++++ DATA PROVIDED ++++

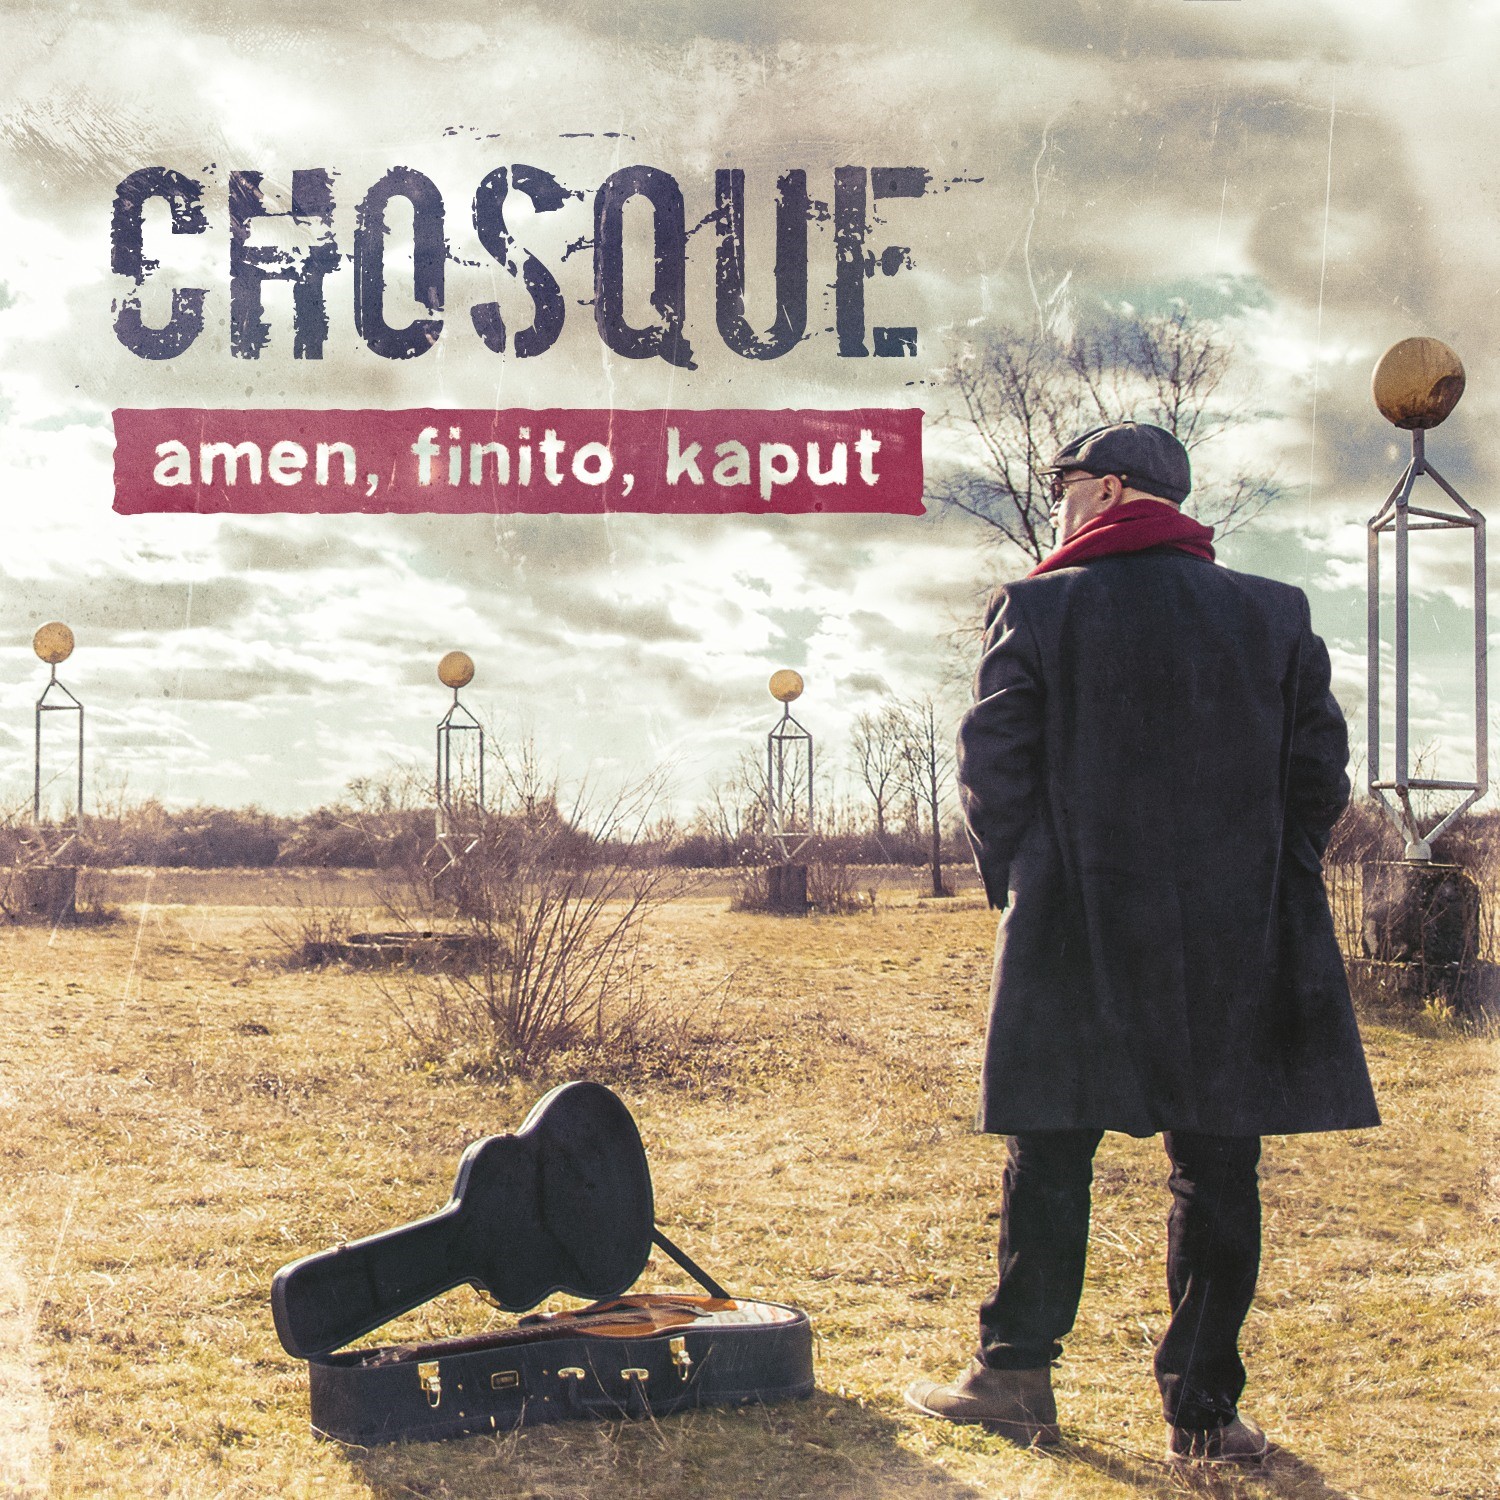 Kantautor Chosque na streaming servisima objavio prvi solo album “Amen, finito, kaput” i najavio CD izdanje
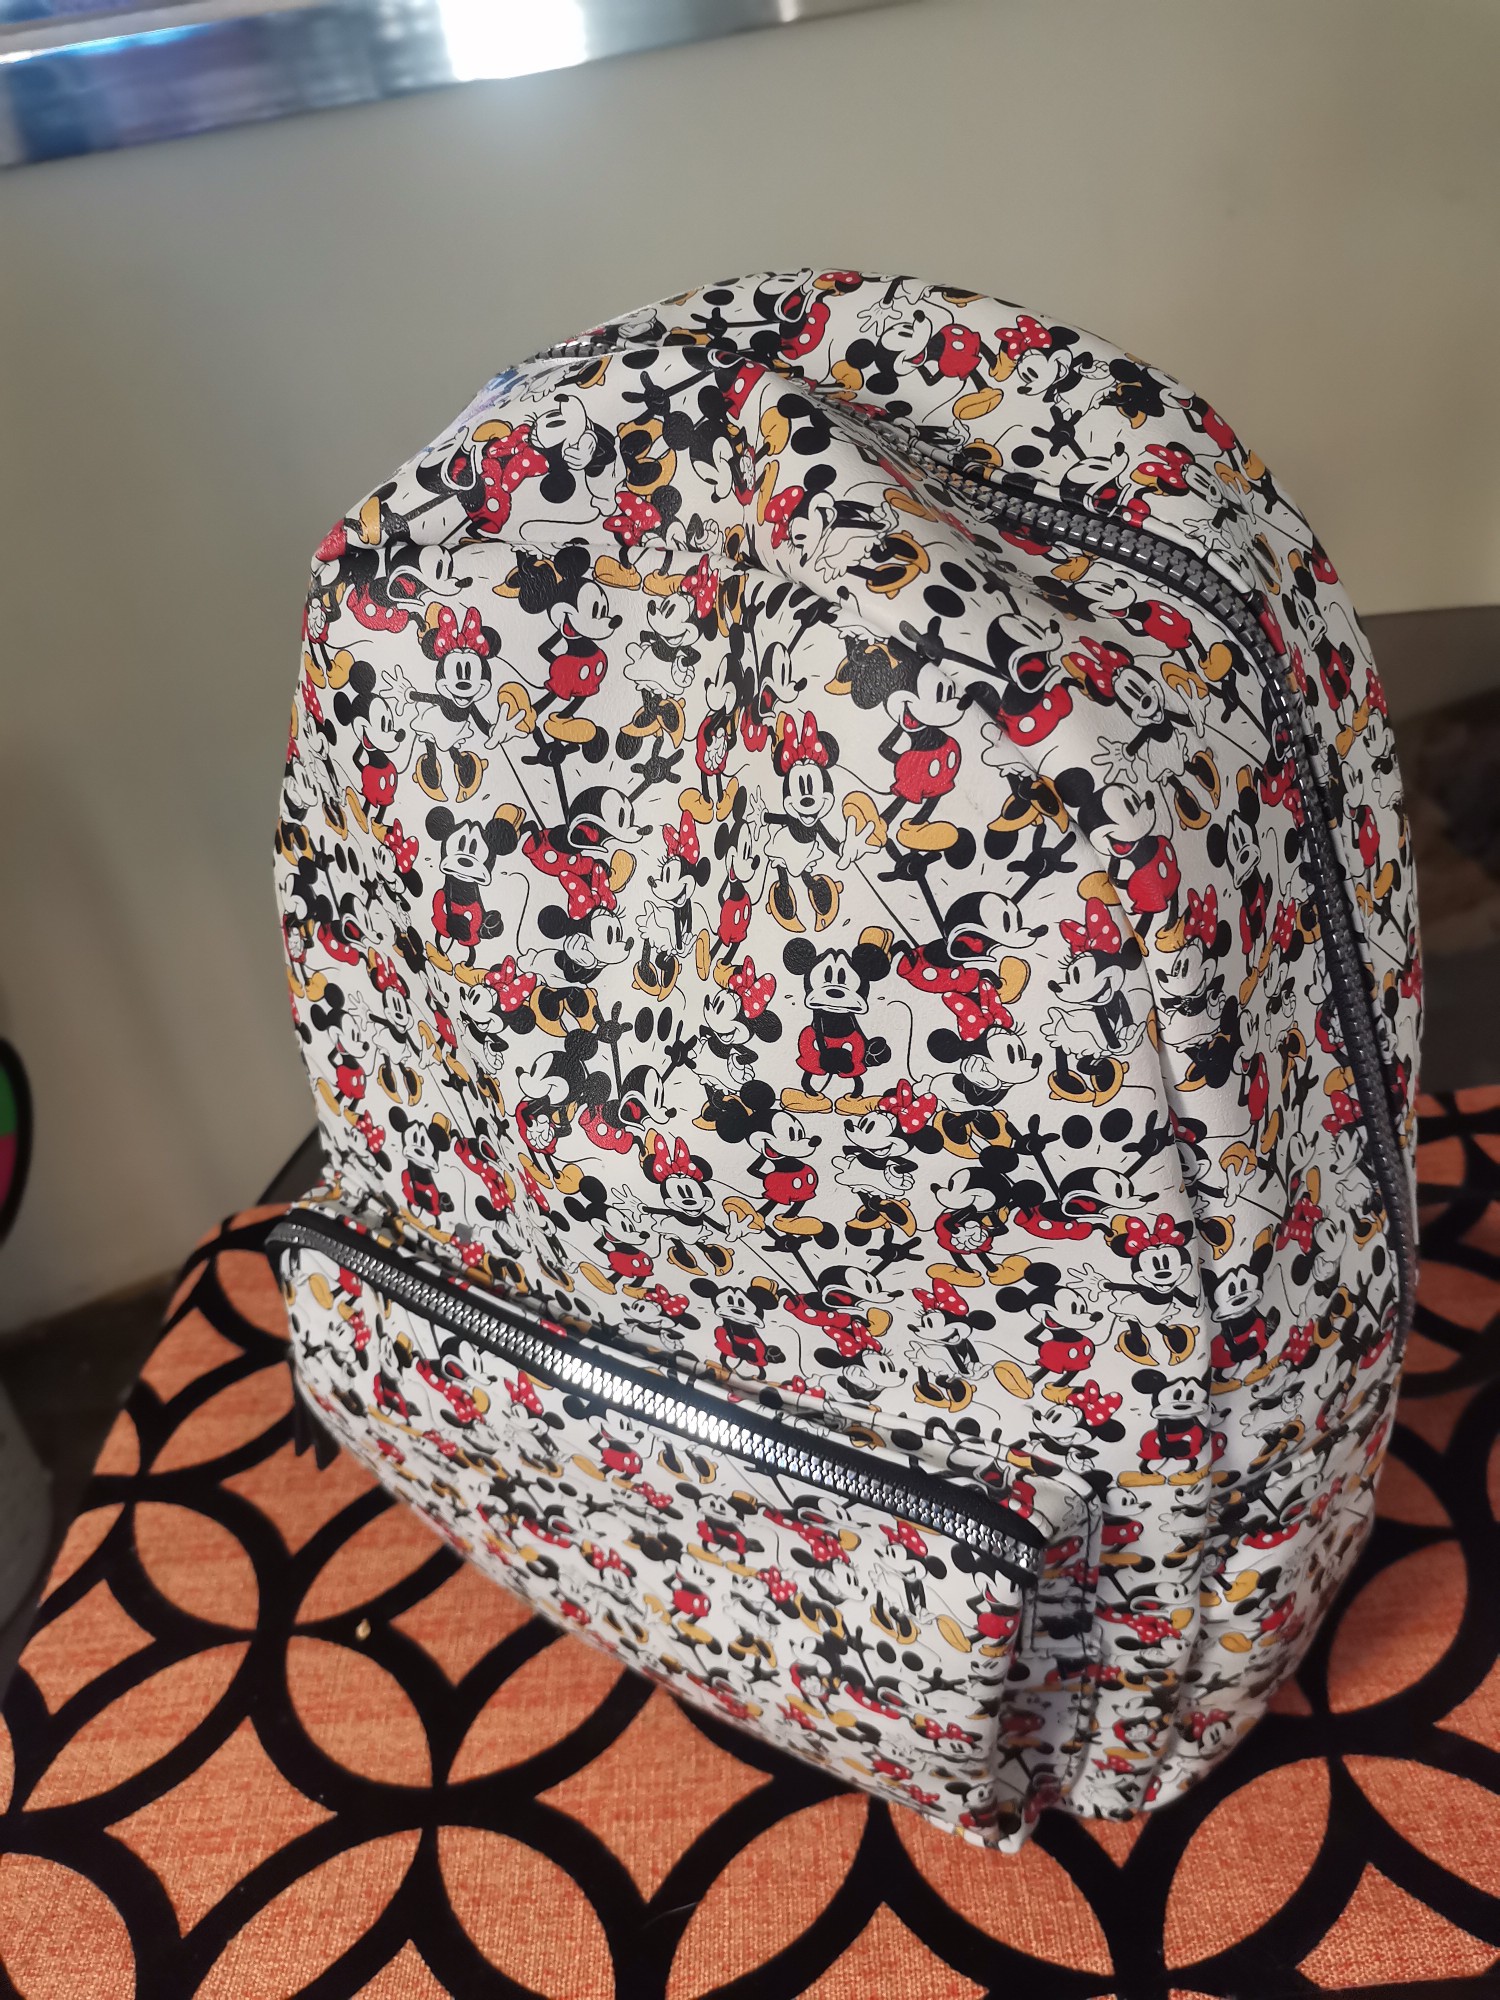 carteras y maletas - Mochila de Mickey Mouse 1
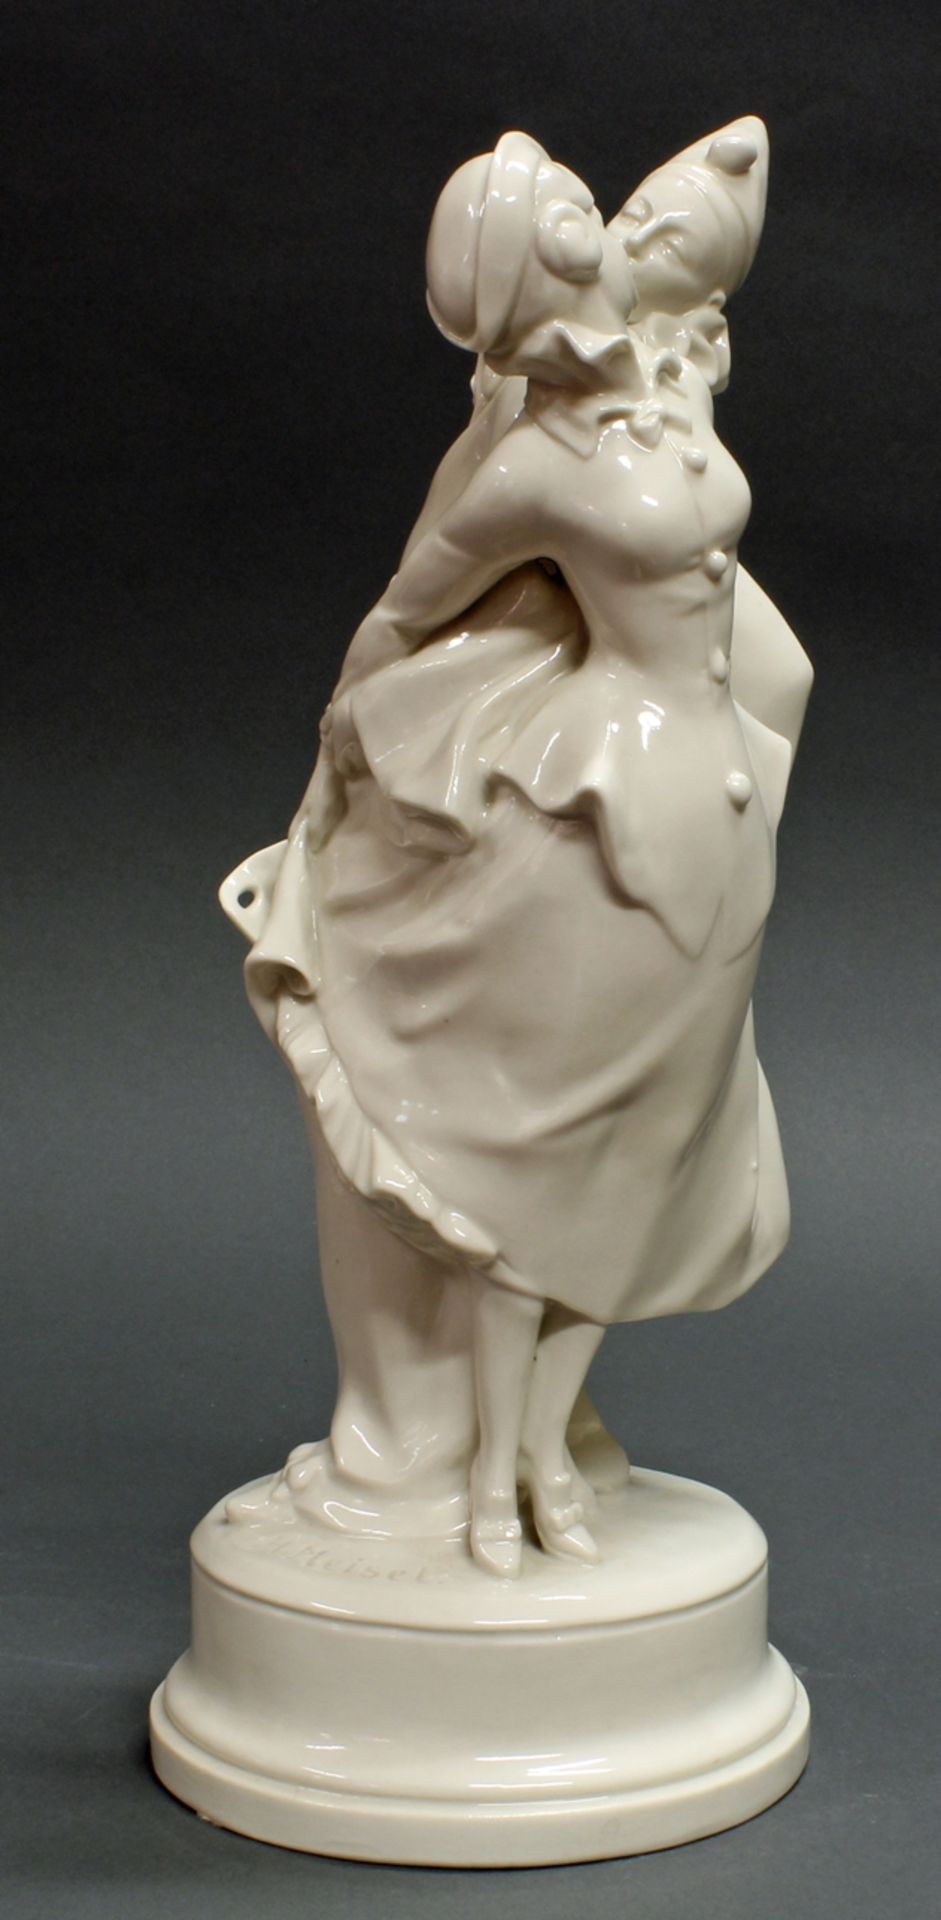 Porzellanfigur, "Demaskiert", Schwarzburger Werkstätten für Porzellankunst, 2. Wahl, Modellnummer U

++++

_TASK ITEM_
Please set down every line of the listing verbatim, excluding its pictures.

_ANSWER TO THE PROBLEM_
 Kantautor Chosque na streaming servisima objavio prvi solo album “Amen, finito, kaput” i najavio CD izdanje
 carteras y maletas - Mochila de Mickey Mouse 1
 Porzellanfigur, "Demaskiert", Schwarzburger Werkstätten für Porzellankunst, 2. Wahl, Modellnummer U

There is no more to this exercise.